Но напрасно готовились всю ночь городские приставы, а зеваки зря запасались камнями, отбросами и собачьим дерьмом.
Едва процессия с колдуном вступила на площадь, как с другой ее стороны, звеня бубенцами на сбруе, выехал королевский глашатай, потрясая увешенным печатями свитком.
- Указом Его Величества Фредерика Злокозненного от второго дня сего месяца объявляется помилование всем, уличенным в ворожбе, колдовстве и знахарстве, ежели не привели они к смерти и увечьям прочих граждан. Обвинения в наведении порчи, сглаза или падежа скота направлять на рассмотрение в специальную королевскую комиссию, без ведения собственного следствия и свершения самоуправства. Колдунов, ворожей, ведьм и знахарей прировнять к прочим ремесленникам с выплатой пошлины в означенную гильдию! - звонко прокричал он хорошо поставленным голосом и, вздернув повод, на ходу развернул лошадь и поскакал прочь - нести повеление монарха дальше. Только пыль из-под копыт и видели.
Стражники недоуменно переглянулись. Стоявший на помосте во главе судейской коллегии градоначальник в сердцах сплюнул. Принесла бы вестника нелегкая часом позже, и дело было бы сделано. А теперь что с этим отребьем делать?
Градоначальник сказал что-то капитану стражи, тот отдал приказ, бравые солдаты бросили удерживающую колдуна веревку и присоединились к остальным, разгонявшим по домам недовольную публику. Веселье отменилось, а поднять руку на только что помилованного королем колдуна никто не осмелился. Авось сам сдохнет.
Скоро площадь опустела. Колдун отполз в тень ближайшей стенки и там затих, даже не пытаясь освободить связанных рук. Сколько он там лежал, никто не считал, но когда тяжело поднялся и, пошатываясь, побрел через площадь в в восточную сторону города, на небо уже заползли первые светлячки звезд.

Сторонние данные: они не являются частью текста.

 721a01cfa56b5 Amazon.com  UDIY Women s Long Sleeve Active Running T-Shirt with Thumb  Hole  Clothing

Прошел он не много. Уже на следующей улице споткнулся о выпирающий из земли булыжник и беззвучно рухнул лицом вниз. Опершись на руки (из веревок он все-таки выпутался, вконец изранив руки об обломок водосточной трубы), колдун приподнялся и пополз к ближайшей двери. Постучал.

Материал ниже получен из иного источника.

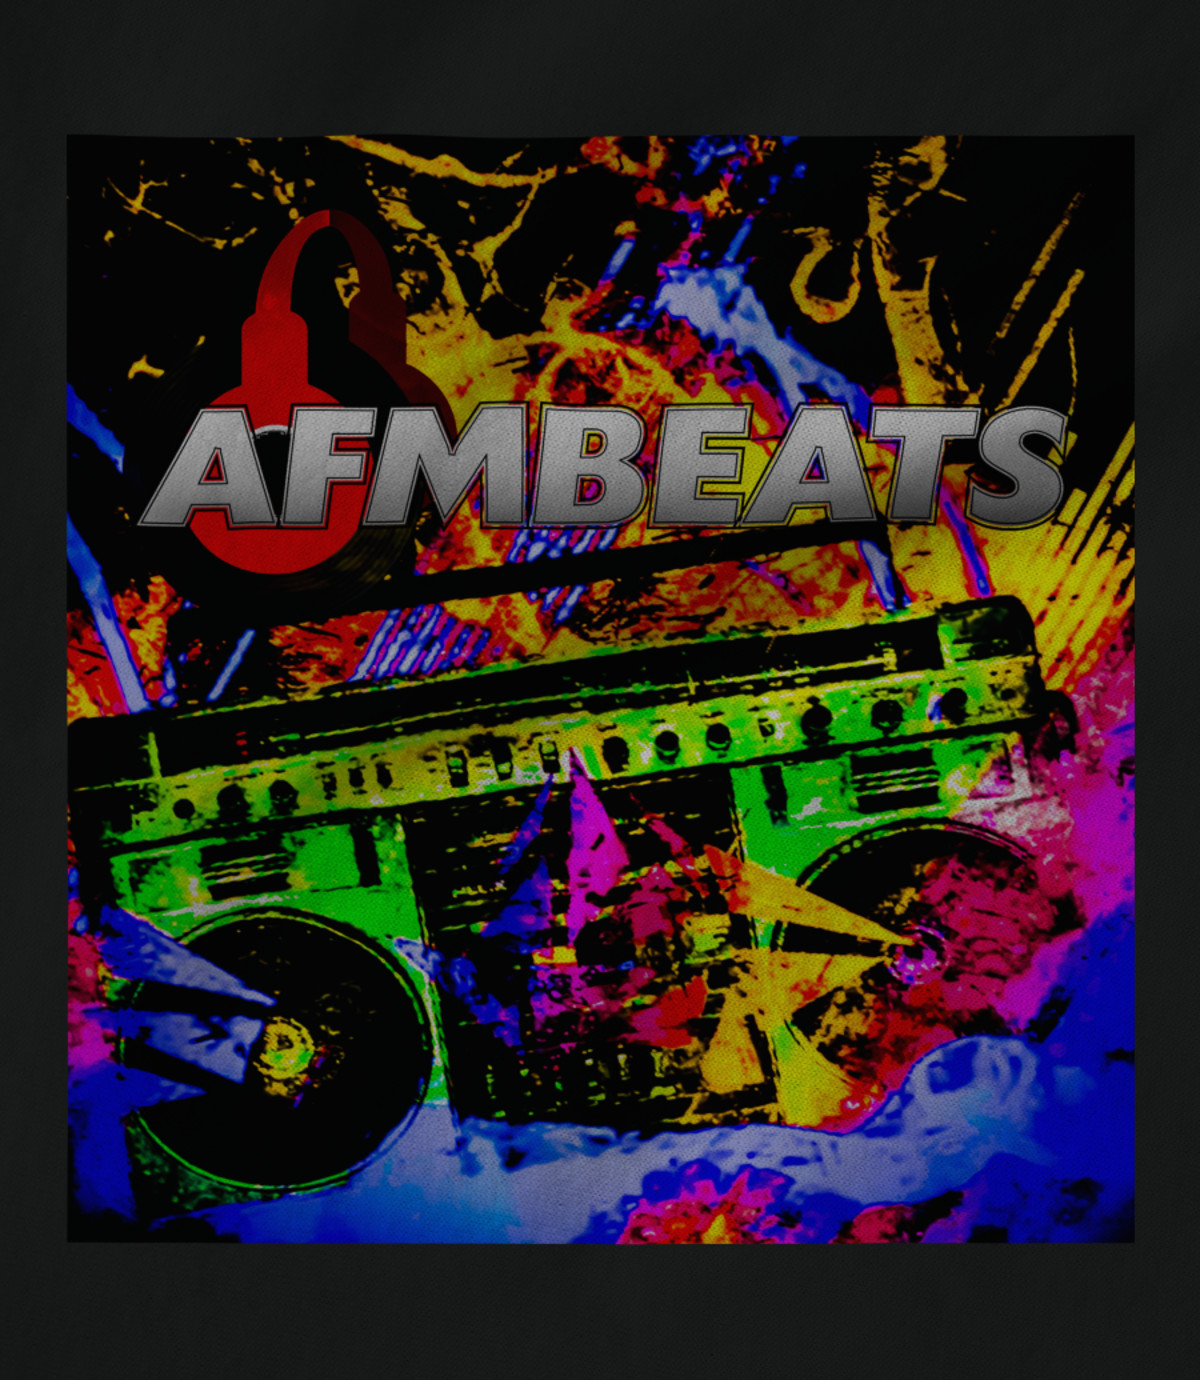 Afmbeats afmbeats logo hoodie 1512385098

В доме не спали. Торопливые шаги, настороженный взгляд в смотровом окошке, потом - стук задвигаемого засова и тихий скрип половиц. Хозяин на цыпочках отходил от двери. В окнах поспешно тушили светильники.
Соваться еще куда-нибудь было бессмысленно. Люди боялись не столько колдуна, сколько больного телом, да еще и на всю голову, бывшего заключенного, осмеливающегося тревожить добропорядочных горожан.

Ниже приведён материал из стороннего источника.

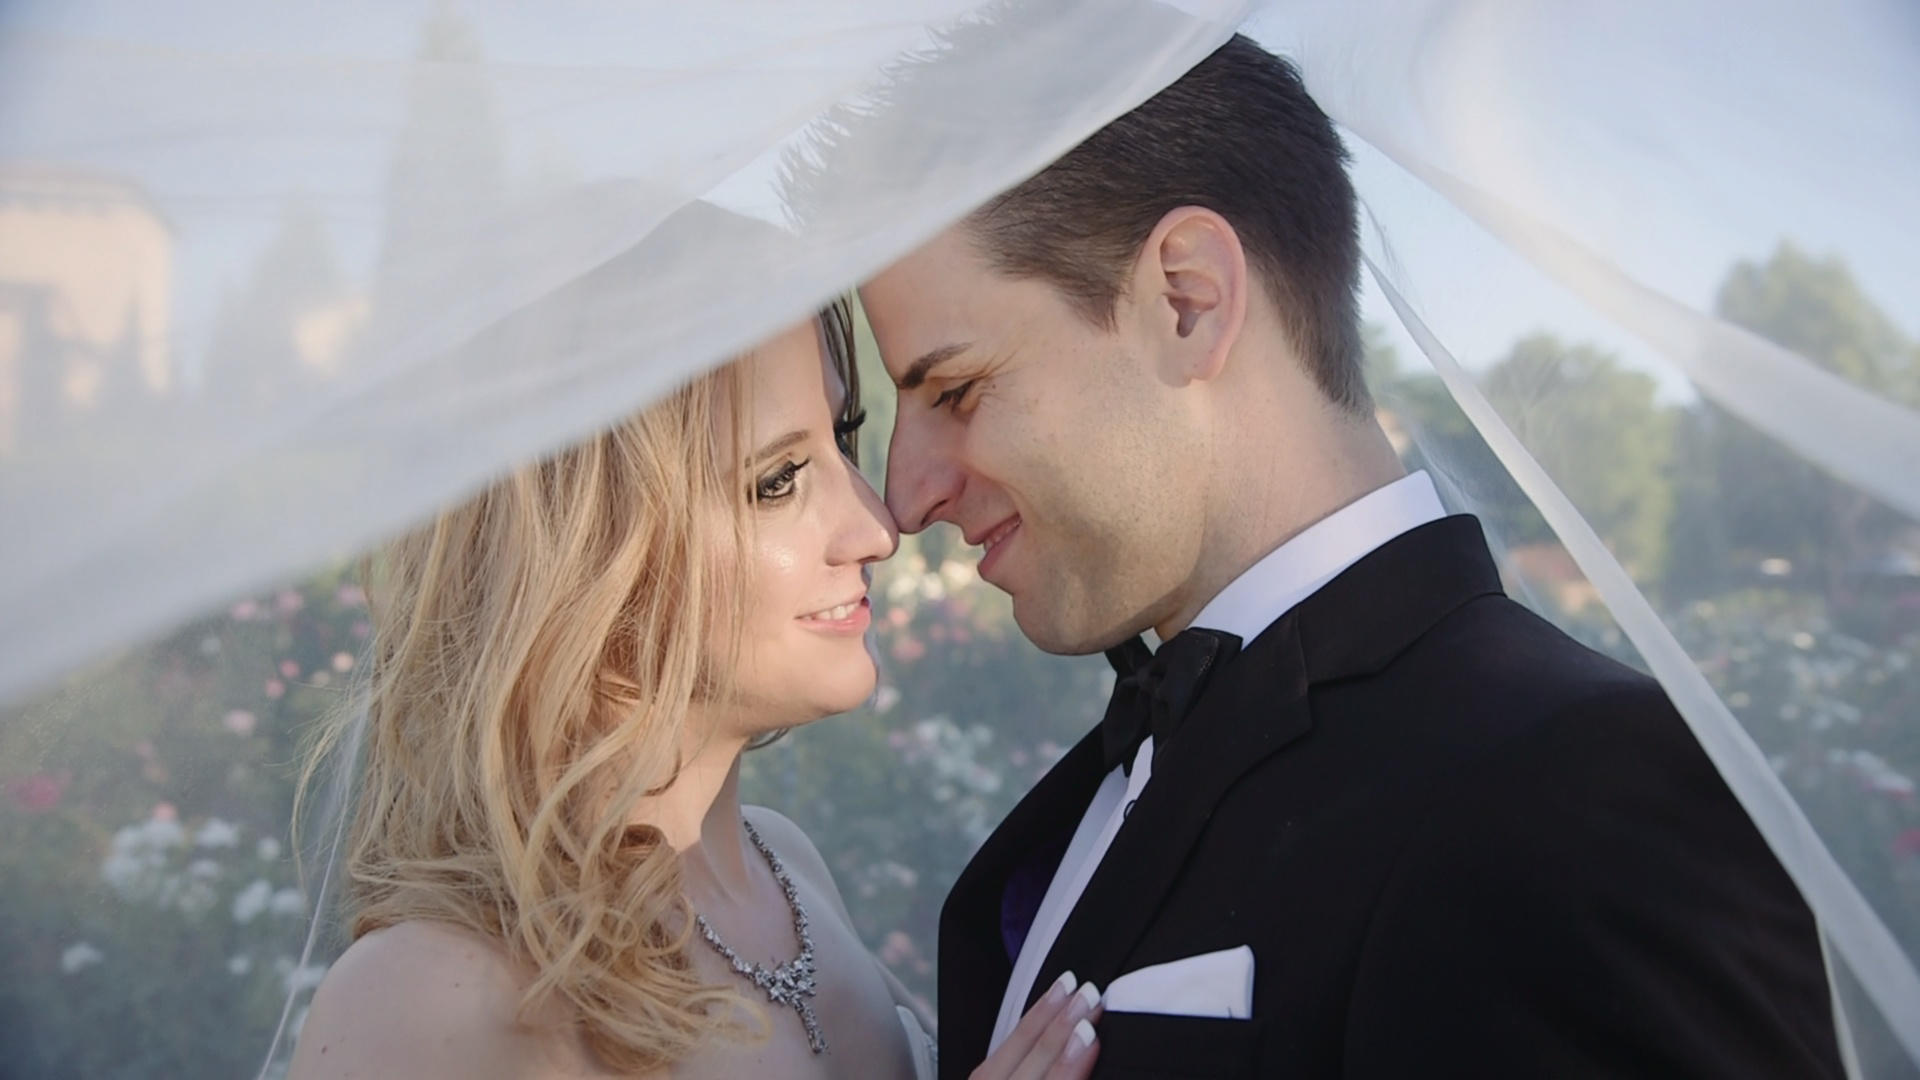 Candace and chris wedding

Колдун снова поднялся на ноги, постоял, держась за стену, и побрел дальше. Хотел было податься в смрадный дом, где давали от милостей градоначальника еду и ночлег нищим бродягам, но зачем-то свернул к мосту. Перешел по нему неширокую речушку и оказался уже за городом. По обеим сторонам дороги раскинулся широкий луг, утыканный стогами свежевысушенного сена.
Не замечая уже ни боли, ни усталости, он свернул туда, осторожно опустился в ближайший стог, блаженно вдыхая запах сухой травы, сохранившей тепло солнечных лучей. Он лежал, раскинув широко руки, и смотрел на небо. Темная пелена, застившая взор, постепенно сползла, и он различил весело мерцающие звезды. Они искрились и пели прямо в уши, все громче и громче. А потом небо вдруг ухнуло вниз и укутало его бархатным покрывалом, сквозь которое ничего уже не увидеть.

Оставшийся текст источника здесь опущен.